Chief Minister Clare Martin resigned in November 2007 after having lost the support of her caucus, and was replaced by Paul Henderson. The newly elected Henderson appointed Scrymgour as his deputy, which was considered a surprise choice at the time. On 24 December 2007 Scrymgour spent several hours at the emergency department of Royal Darwin Hospital undergoing treatment for "an emotional and physical collapse". In January 2008 Scrymgour was appointed Acting Chief Minister of the Northern Territory while the incumbent Paul Henderson was on holiday, becoming the first Aboriginal government leader in Australian history. She served for two weeks.

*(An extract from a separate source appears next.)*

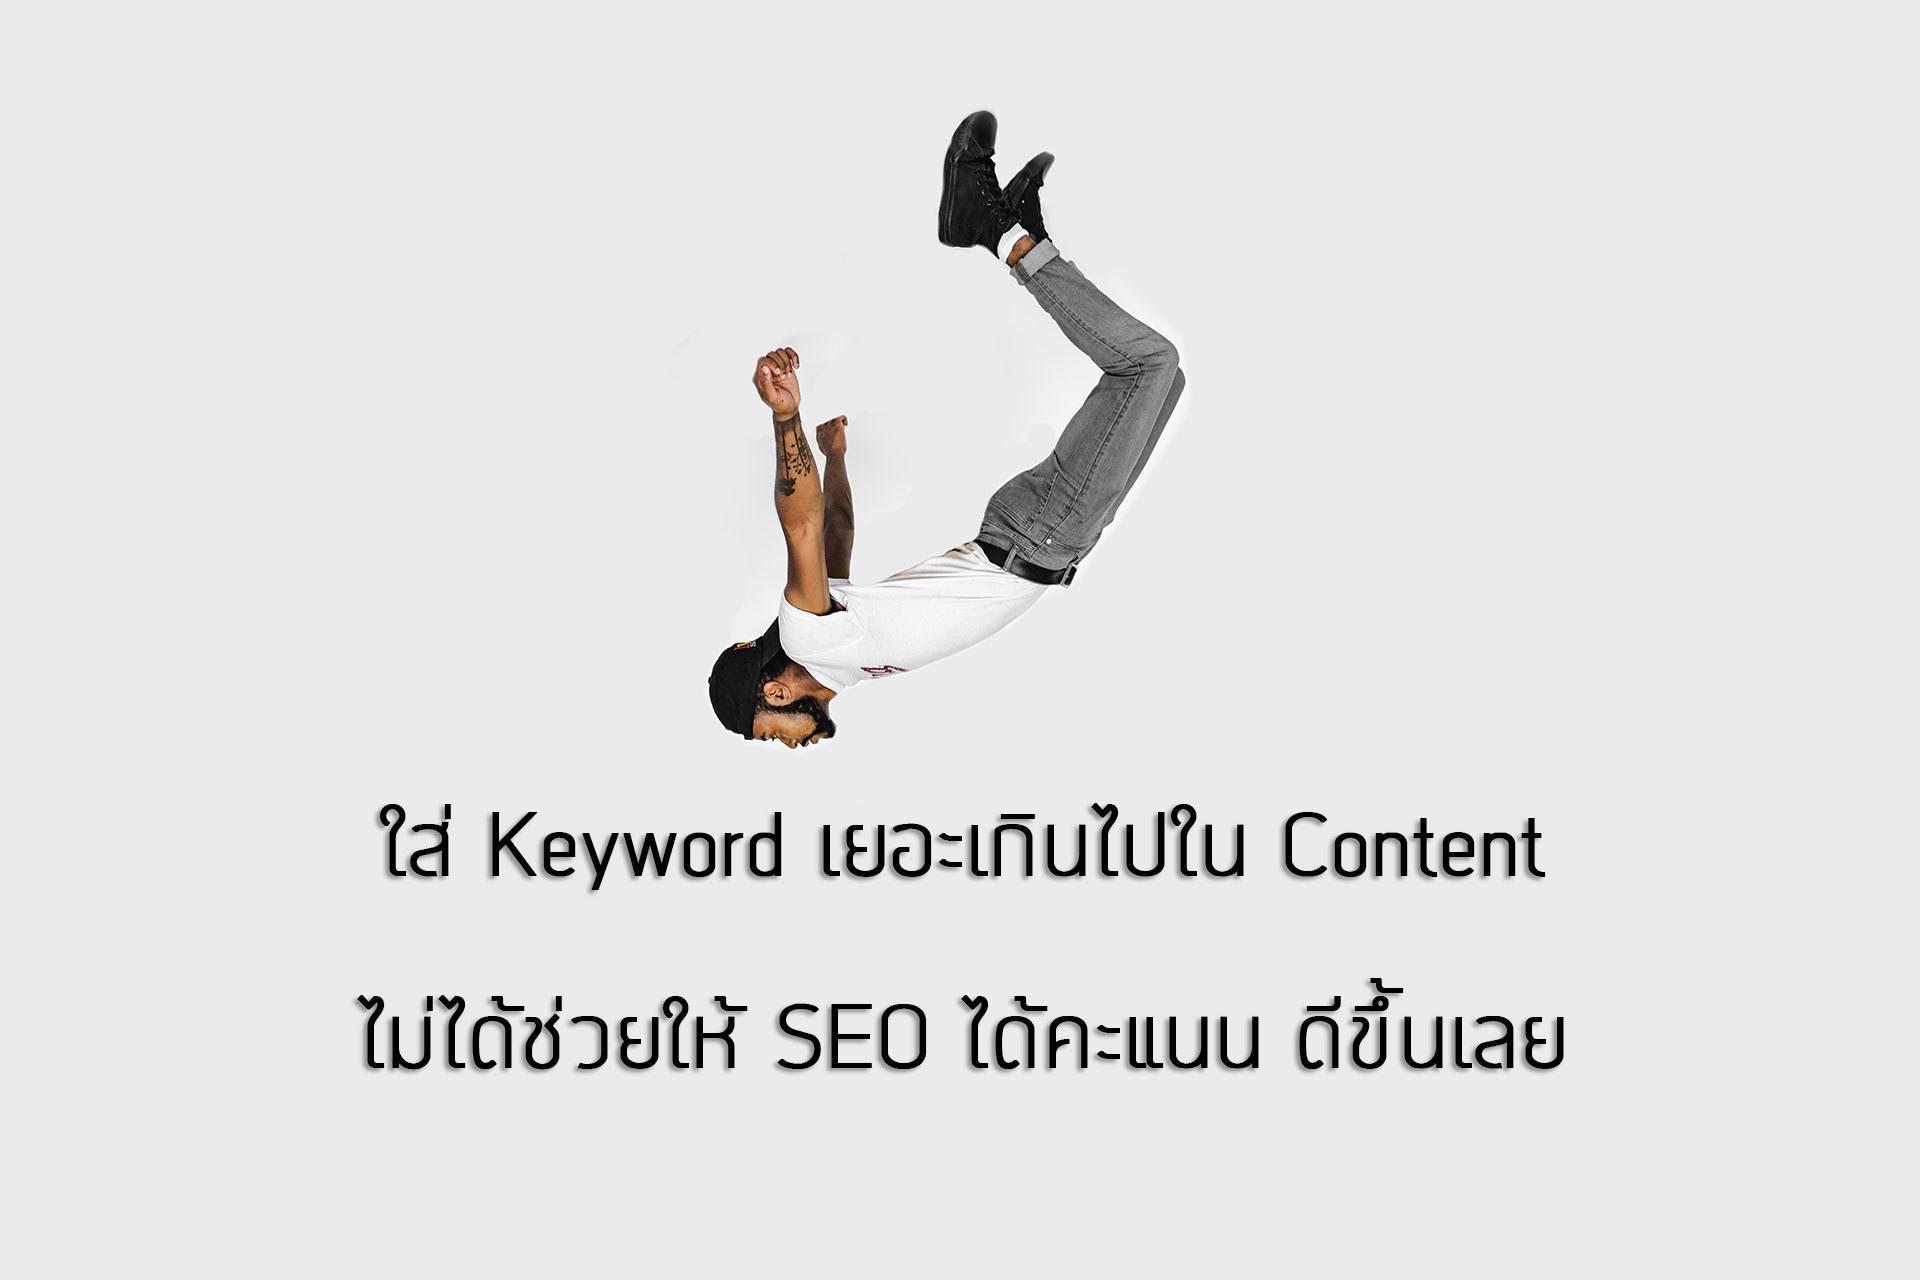 ใส่ Keyword จำนวนมากใน Content ไม่ได้ช่วยให้ SEO ได้คะแนนดีเสมอไป

Scrymgour had taken on the education portfolio upon her ascension to Deputy Chief Minister, but had been regularly criticised in the press for her performance, particularly after her controversial sacking of the head of the territory's Education Department in 2008. This culminated in Henderson's decision in February 2009 to remove Scrymgour from the portfolio, shifting her to the less politically difficult Attorney-General role. The following week, Scrymgour resigned from Cabinet and as Deputy Chief Minister, citing recurring problems with depression caused by the death of her father.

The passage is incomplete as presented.